Jones, Bejtlich, and Rose (2006) recommended the following items as the minimum requirements for a Forensic Investigator’s traveling digital toolkit (pp. 164-166). [Jones, K. J, Bejtlich, R., and Rose, C. W. (2006). Real digital forensics: Computer security and incident response. Indianapolis: Pearson.] Of course, every investigator has unique preference for tools, both hardware and software. Add or subtract to this forensic toolkit list, as required for specific situations.
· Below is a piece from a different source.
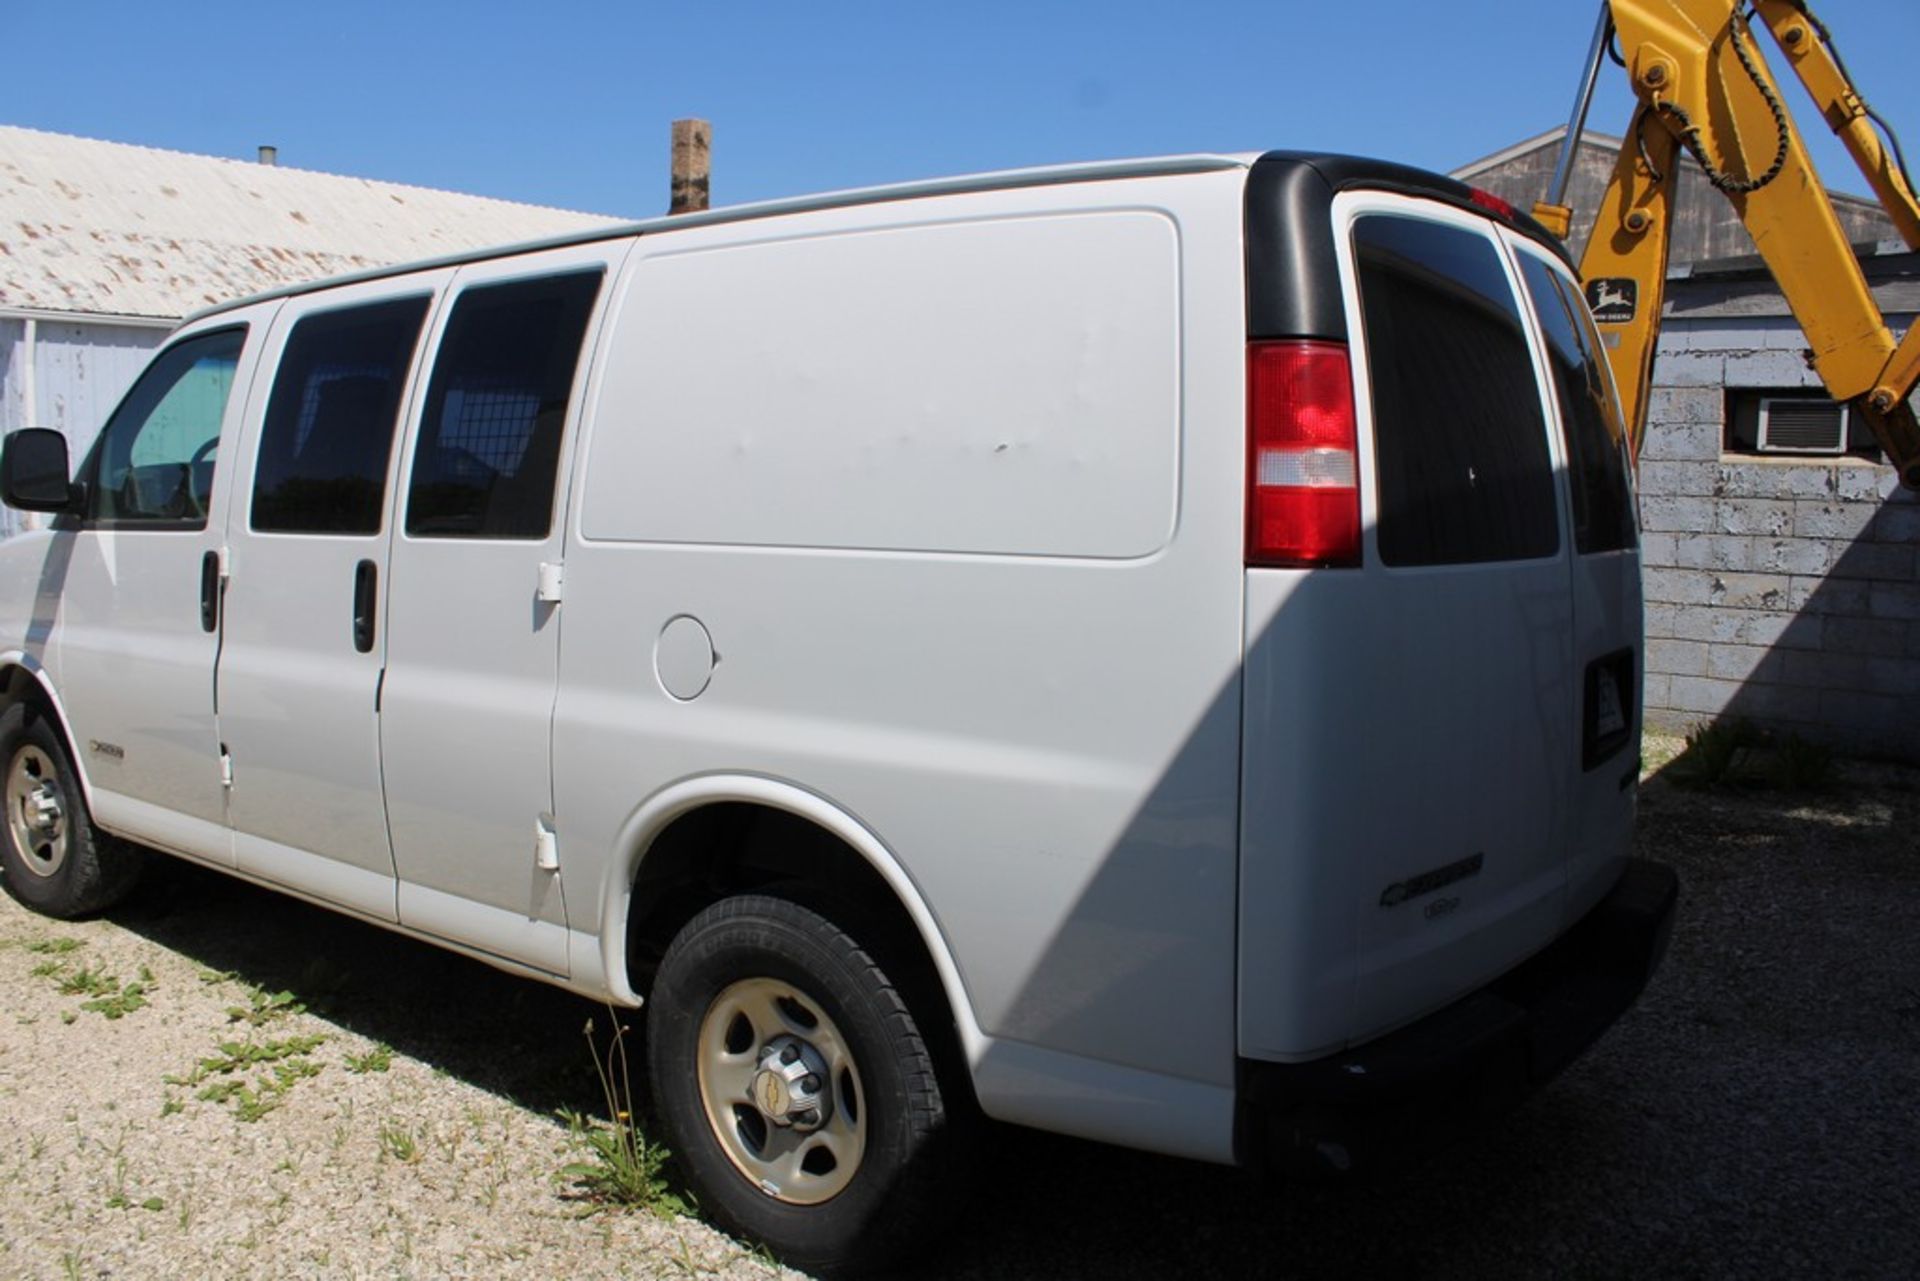 2003 CHEVROLET MODEL 2500 CARGO VAN, VIN: 1GCFG25T131159094, AUTOMATIC TRANSMISSION, APPROX. 167,000 - Image 5 of 10
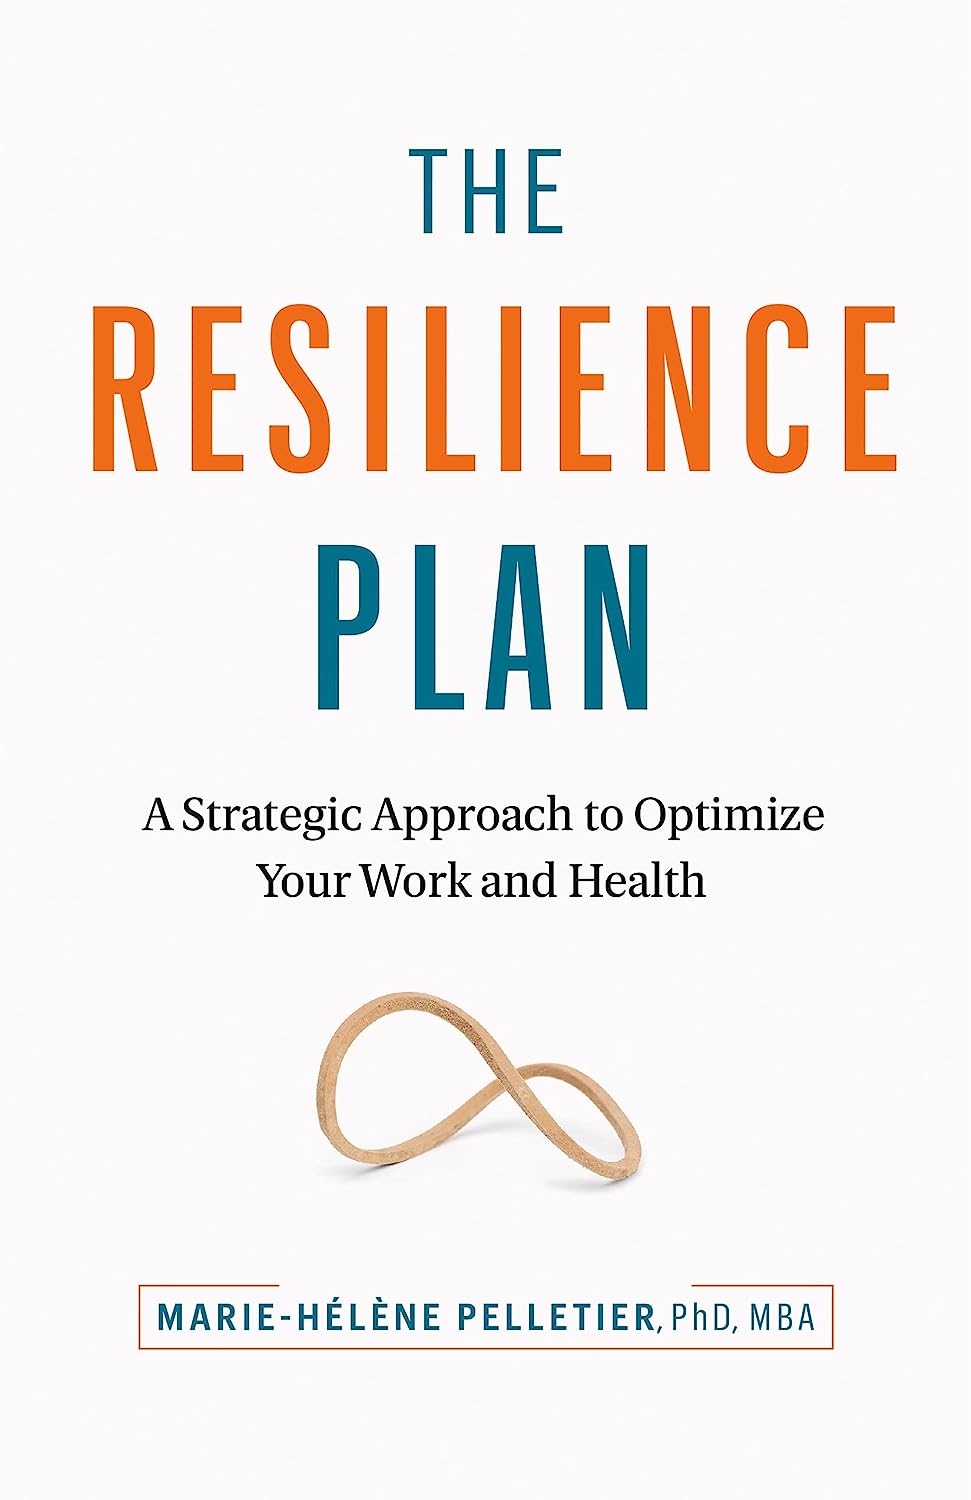 Approach　Optimizing　Resilience　and　to　The　Performance　Plan:　BookPal　Your　A　Strategic　Health　Work　Mental

Portable Forensic Workstation and Accessories
Conduct forensic capture and analysis of suspect systems. Recommended system is called Forensic Air-Lite from Forensic Computers, Inc. Details of the system at: http://www.forensic-computers.com/airlite6mkiii.html. Additional accessories often make an investigator’s job easier or more effective.
Digital Camera
A digital camera is a good tool to prove that evidence was not damaged during your duplication. You will want to take a “before” and “after” photo of the original evidence.
Screwdriver with several sizes and types of bits
A screwdriver with different sizes and types of bits is always used during an engagement to remove parts, such as hard drives, from computers. We use a model that has all of the bits built into the handle to save space.
Frequently you will find your nose buried in a dark computer case, documenting connectors and other important information. A flashlight is a “must have” item.
Dremel Tool
This tool is an excellent tool for cutting small pieces of metal, polishing surfaces, and more.
Extra Jumpers
You can never have enough jumpers. Frequently you will find that the hard drive you are trying to duplicate will have lost all of its important jumpers. You will need a jumper to set and IDE drive to master or slave, for example.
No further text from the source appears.